Sara Dicorato - Amnesiavivace.it
“[...] uno dei progetti più interessanti e ignorati dell’ultima edizione del Premio Scenario [...] Daniele Timpano riesce a raccontare tutte le traversie occorse al corpo del duce con un cambio di registri interpretativi davvero notevoli che hanno nell'uso della gestualità che non accompagna mai banalmente la parola ma anzi all'occorrenza ne smorza l'evidente sgradevolezza (ci piacerebbe qualche filo di pietà in più per il povero corpo) il suo più evidente pregio.”
Mario Bianchi – Rivista di Teatro Ragazzi EOLO
“[…] segno surreale si ritrova […] bella ricerca drammaturgica del giovane Daniele Timpano […] affabulatore che usa però l’arma del non sense e dello humor nero, per raccontare […] episodi della storia italiana dei nostri padri, come l’assassinio di Mussolini dal punto di vista del duce stesso”
Elio Castellana - Liberazione
"dux in scatola [...] è un'operazione ovviamente non apologetica, di un artista che ricostruisce le tragiche vicende del cadavere del Duce dopo piazzale Loreto, ed è stato al centro di molte polemiche, addirittura giudicato revisionista solo perché rievoca quei fatti."

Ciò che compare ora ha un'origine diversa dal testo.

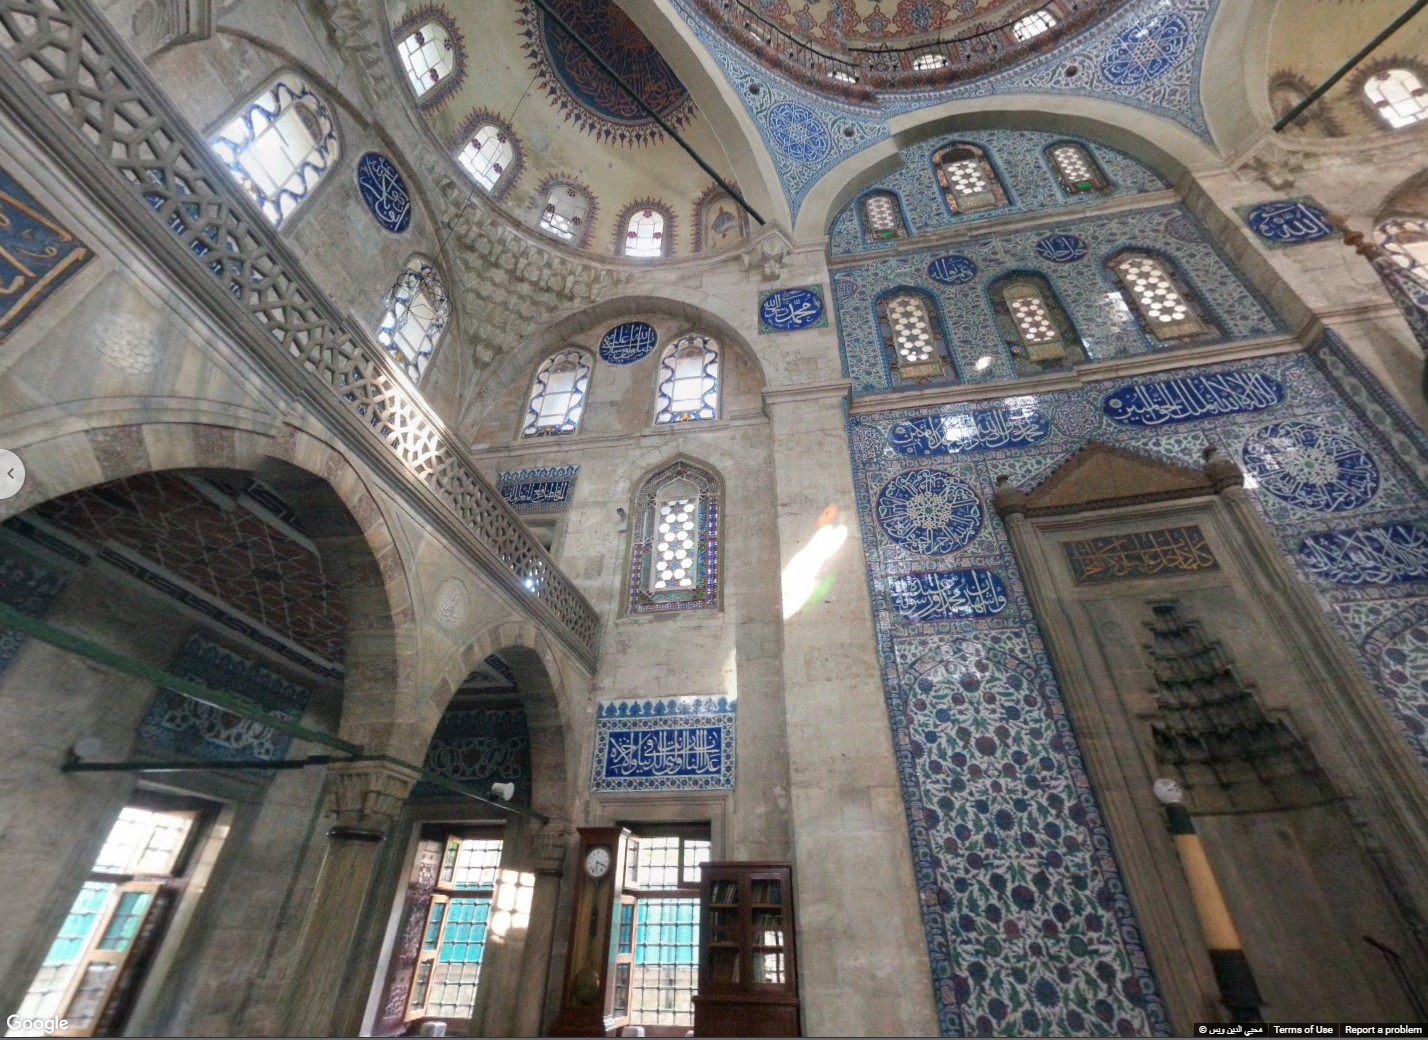 Sokollu Mehmet Pasha Mosque in present-day Istanbul, Turkey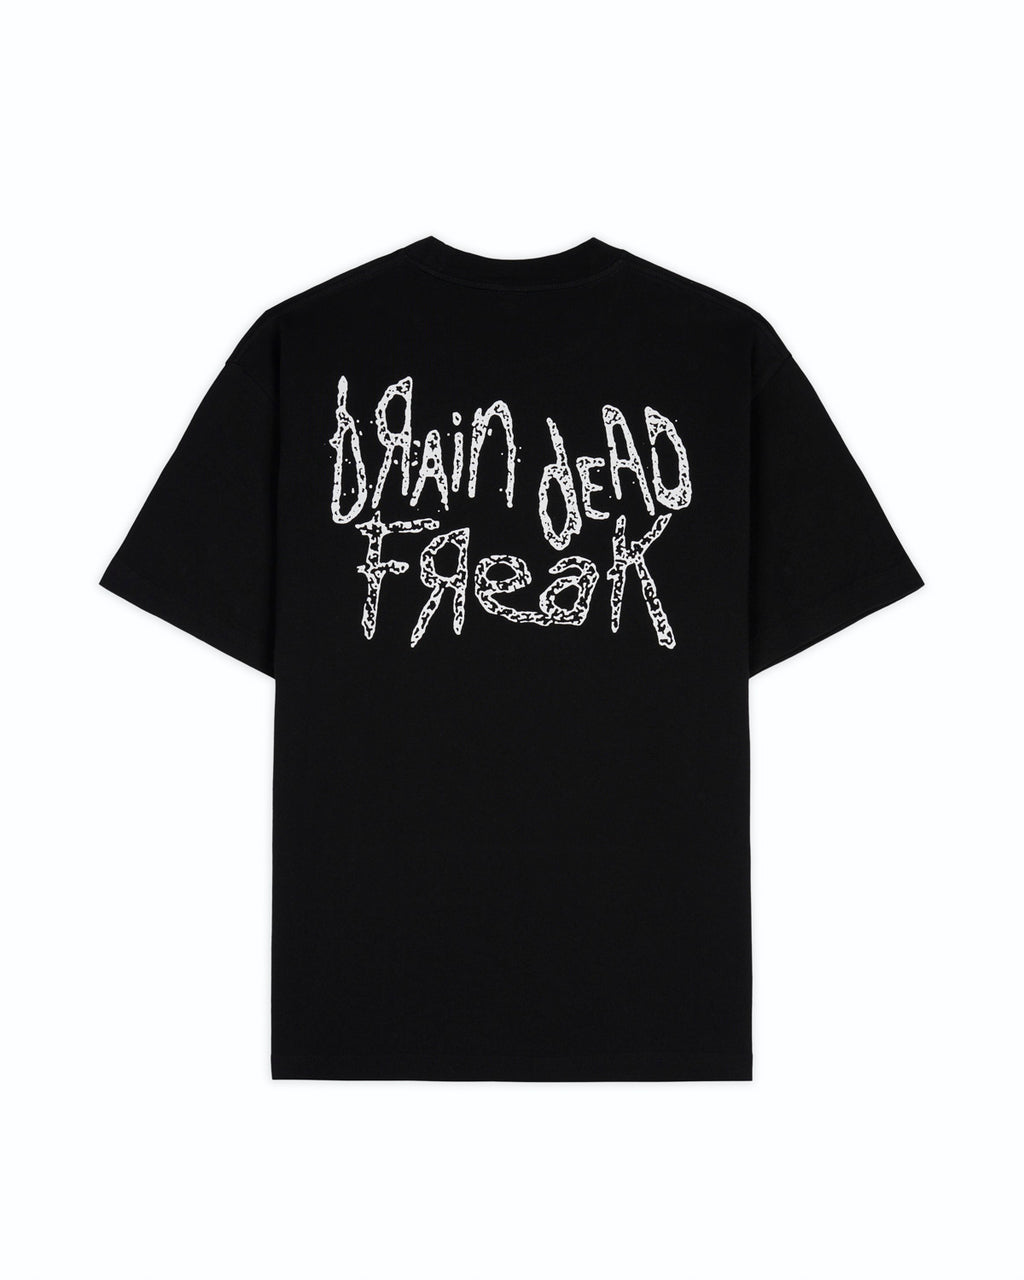 Brain Dead x Korn Freak T-shirt - Black

Valter Delle Donne - Secolo D'Italia
“Si parte dal corpo del protagonista, o almeno da quel che resta di quel corpo, per arrivare all’immaginario popolare evocato da quelle “reliquie”. Timpano, in scena col corpo di Mussolini chiuso dentro una valigia di cartone, ci racconta sdoppiandosi nel Duce e nel Narratore le peripezie di quel cadavere dopo piazzale Loreto. Ma lo fa in maniera […] non lineare, non agiografica e neanche dissacratoria, sul filo dell’ambiguità, del grottesco, di una satira di costume che non avrà pietà, e capace, comunque, di assestare colpi in tutte le direzioni, di far riflettere sui nodi irrisolti della Storia da un punto di vista che Antonio Audino […] definisce ‘la risposta anarco-dadaista al teatro di narrazione’.”
Nico Garrone - Off
"Quando, all'ultimo premio Scenario, Daniele Timpano presentò un assaggio del suo dux in scatola non pensava certo di suscitare un piccolo putiferio. E invece metà della giuria ufficiale voleva espellerlo dal concorso addirittura per apologia di fascismo, mentre l’altra metà insorse in sua difesa. Alla fine non vi fu traccia del nostro nella rosa dei vincitori mentre la giuria-ombra, formata da decine di addetti ai lavori, lo incoronò all’unanimità. […] Timpano si presenta in scena con un baule, dove asserisce riposino le illustri spoglie, disorientando la platea di ogni colore politico con feroce ironia."
Nicola Viesti - Corriere del Mezzogiorno
“Una narrazione dai toni a dir poco spregiudicati […] indubbia originalità attoriale […] si è avvicinato ad una vicenda che tocca nel vivo l’identità politica del nostro Paese […] con aria petrolinesca e strafottente, si aggira nei luoghi più vieti dell’apologia fascista, per poi esporre […] il racconto delle efferatezze subite dal corpo di Mussolini all’atto della pubblica esposizione. La partecipazione emotiva della sua parola richiama il pubblico ad un improvviso cortocircuito etico. Come in una Dogville nostrana, il carnefice si trasforma in vittima, e la vittima in carnefice.
Il giudizio sulla Storia è una questione che riguarda la coscienza dell’individuo, la maniera con cui ciascuno crede di interpretarne i segni. E il lavoro di Timpano, pur con una leggerezza straniante rispetto ad un tema così delicato, si pone esattamente al limite di questo crinale, mettendo lo spettatore nella condizione di un giudizio inequivocabile su se stesso.”